書道の先生は、お稽古の前には、必ずこんな話をなさったのだ。
「習字のお稽古で一番大切なことは、上手な字を書くことではなく、大切に墨をする時間です。
この墨が形になるまでの製造工程を思い、作ってくださった方に感謝し、少しずつ少しずつ、水を頂いて、これから使う分だけ墨をすりましょう。
 墨の減り方にはその人の性格が現れるものですよ」
 
その後、
「少しでも書道が上達するためには、墨なんかすってる時間がもったいない!墨汁でさっさと書き上げて、書道を早く終わらせて、他の勉強もしなくちゃ!」
とあわただしいお稽古の仕方に変わってしまった。その中で、実は失ってしまったことがたくさんあったのではないだろうか・・・と今になって思う。

ところで、久々にやっとゆとりの休日ができた。なので、朝からのんびり家の掃除を始めた。
実は、私は片付け、掃除が大の苦手だ。
一度部屋が散らかりだすと、「もういいや、面倒くさい」という気分になって際限なく散らかしたままになってしまう。
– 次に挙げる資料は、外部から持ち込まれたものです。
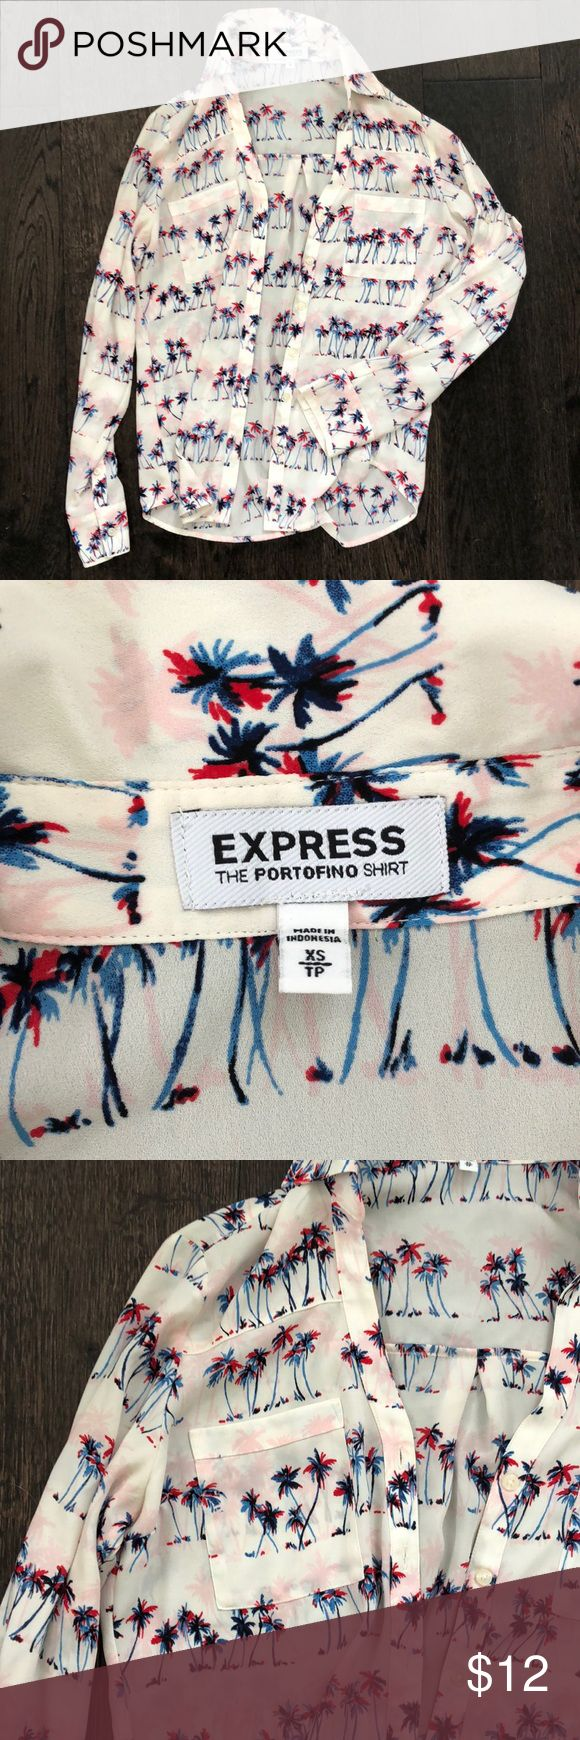 Express portofino shirt w Palm print Excellent condition, cream with neon red/pi…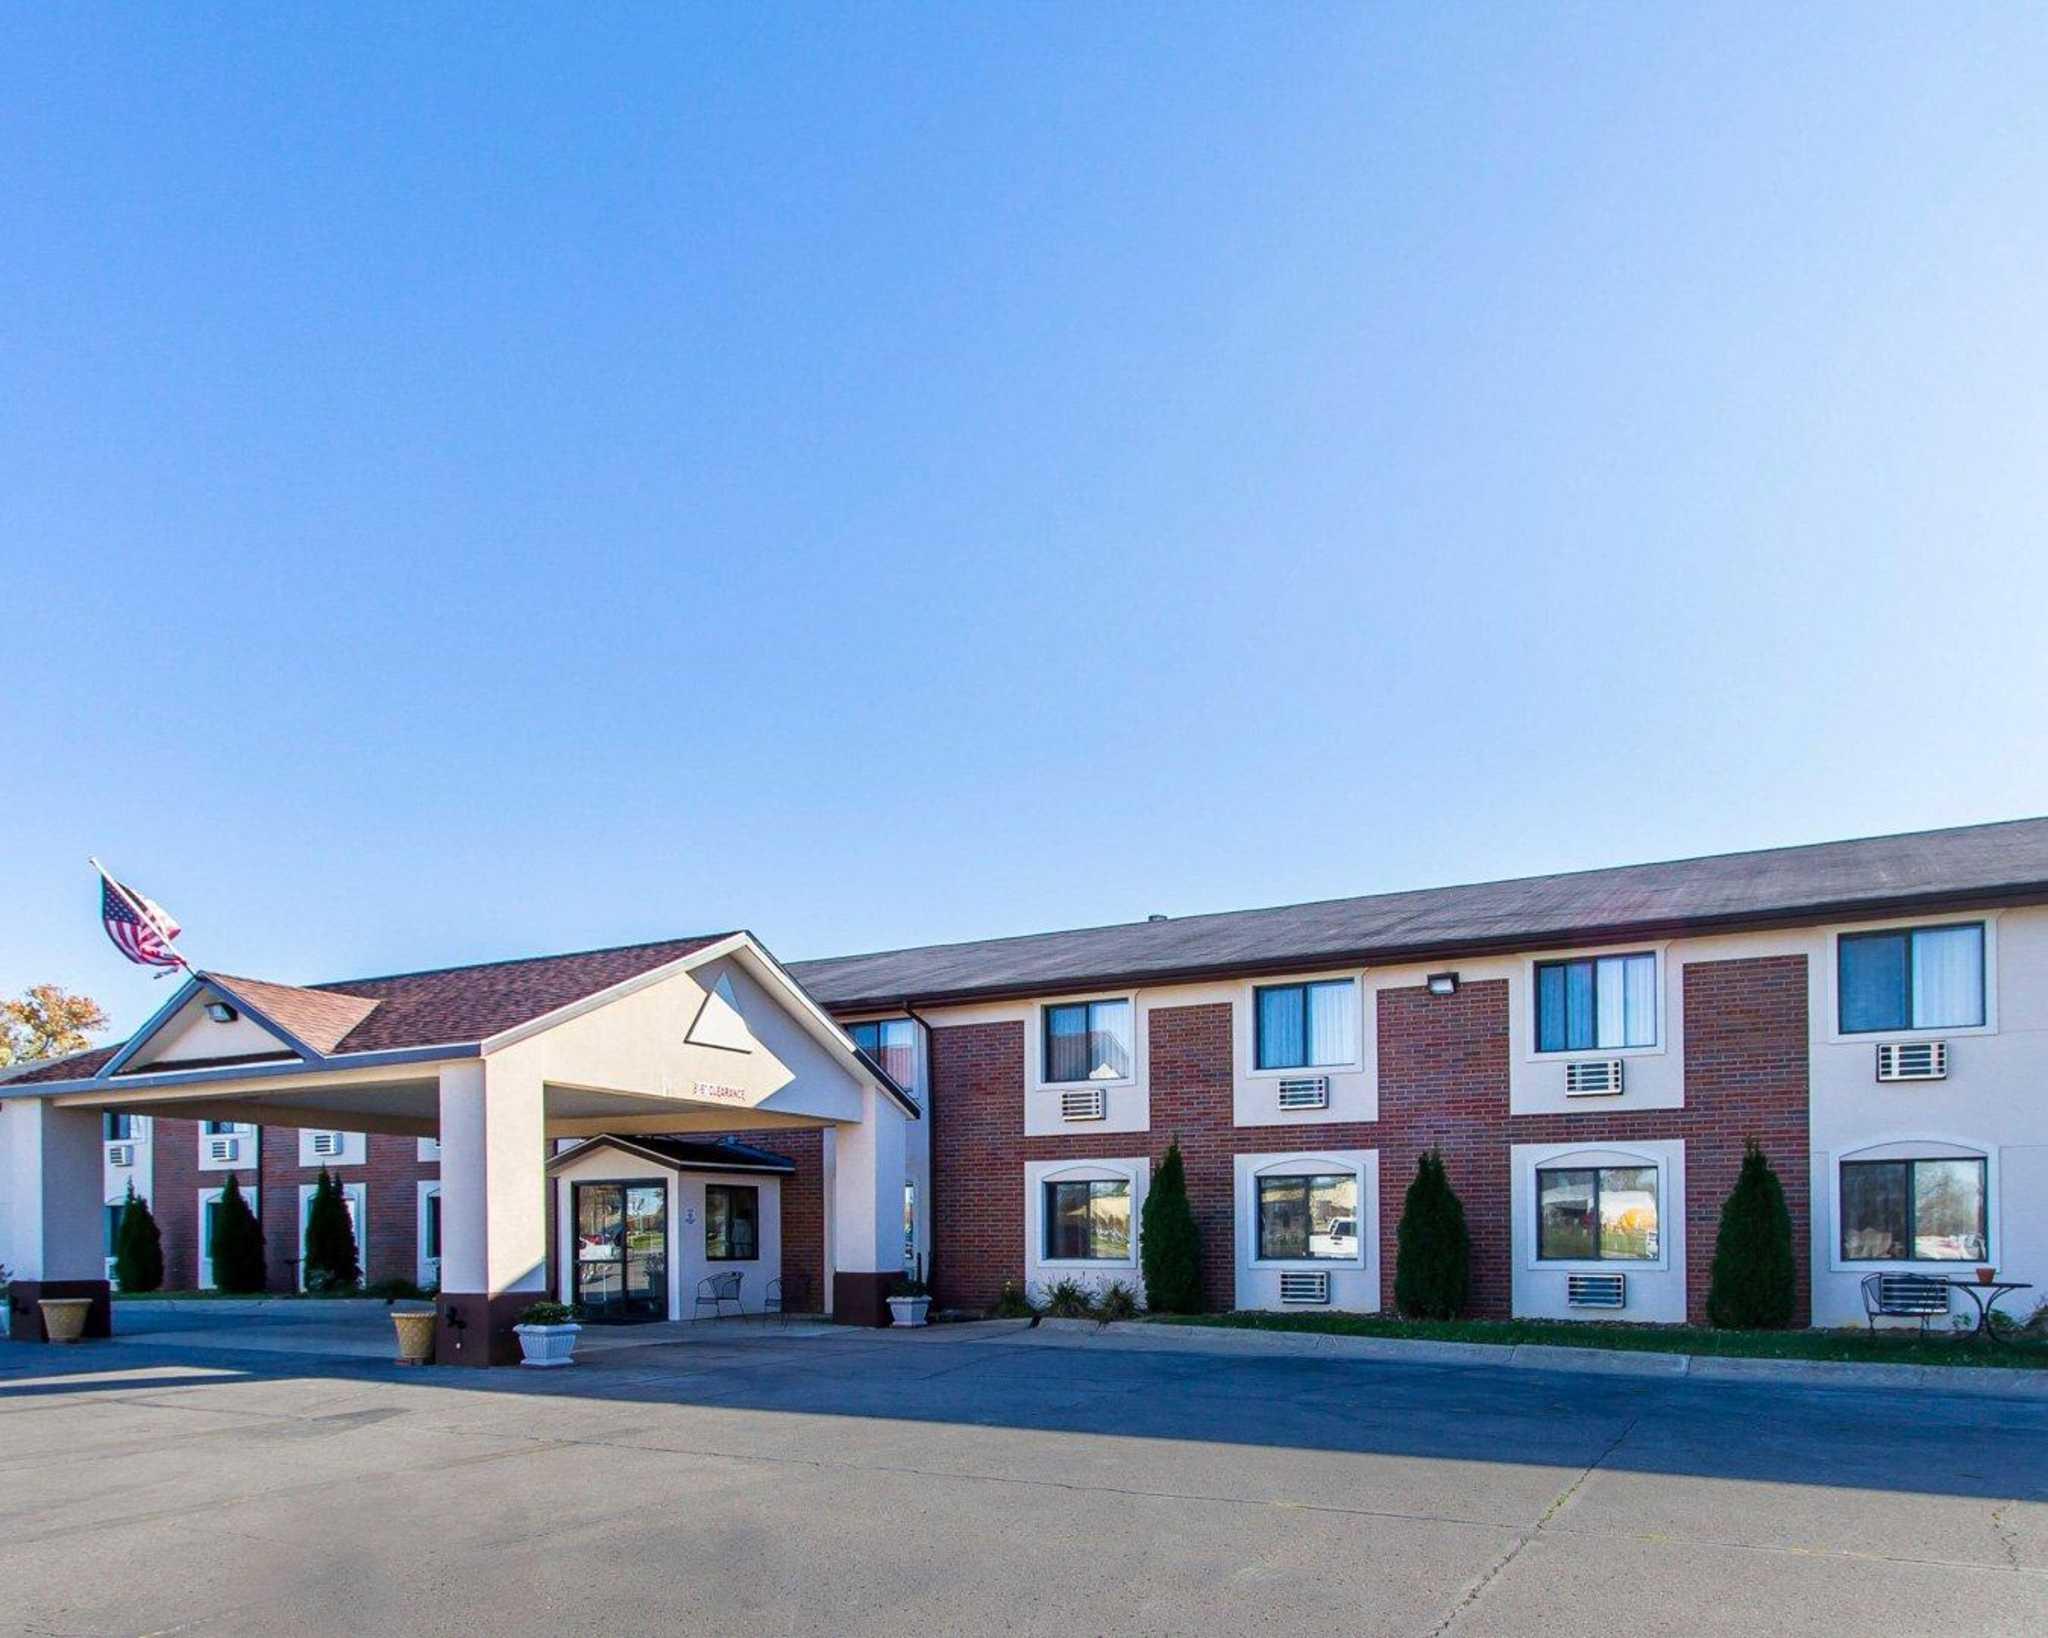 Quality Inn & Suites image 1

そして、忙しいときほど、「掃除はしなくても死なない。仕事、調べ物、お稽古、やらねばならないことのほうが先!!」

と、掃除、片付けが後回しになってしまう。

でも、このごろ、「掃除、片付けをする時間」というのは、「自分を大切にする時間。自分の心を整える時間」ではないかと、強く感じるようになった。
 
ゆったりした心で、「お部屋さん、今週も一週間、お世話になりました。机さん、今日も一日お世話になりました」と、清めることで、日々を暮らせる住居があることに感謝できるようになる。

こうして、生かされている自分とその周囲のものに感謝する時間を持ちながら生活することが、実は、真の豊かさにつながっていくのかもしれない。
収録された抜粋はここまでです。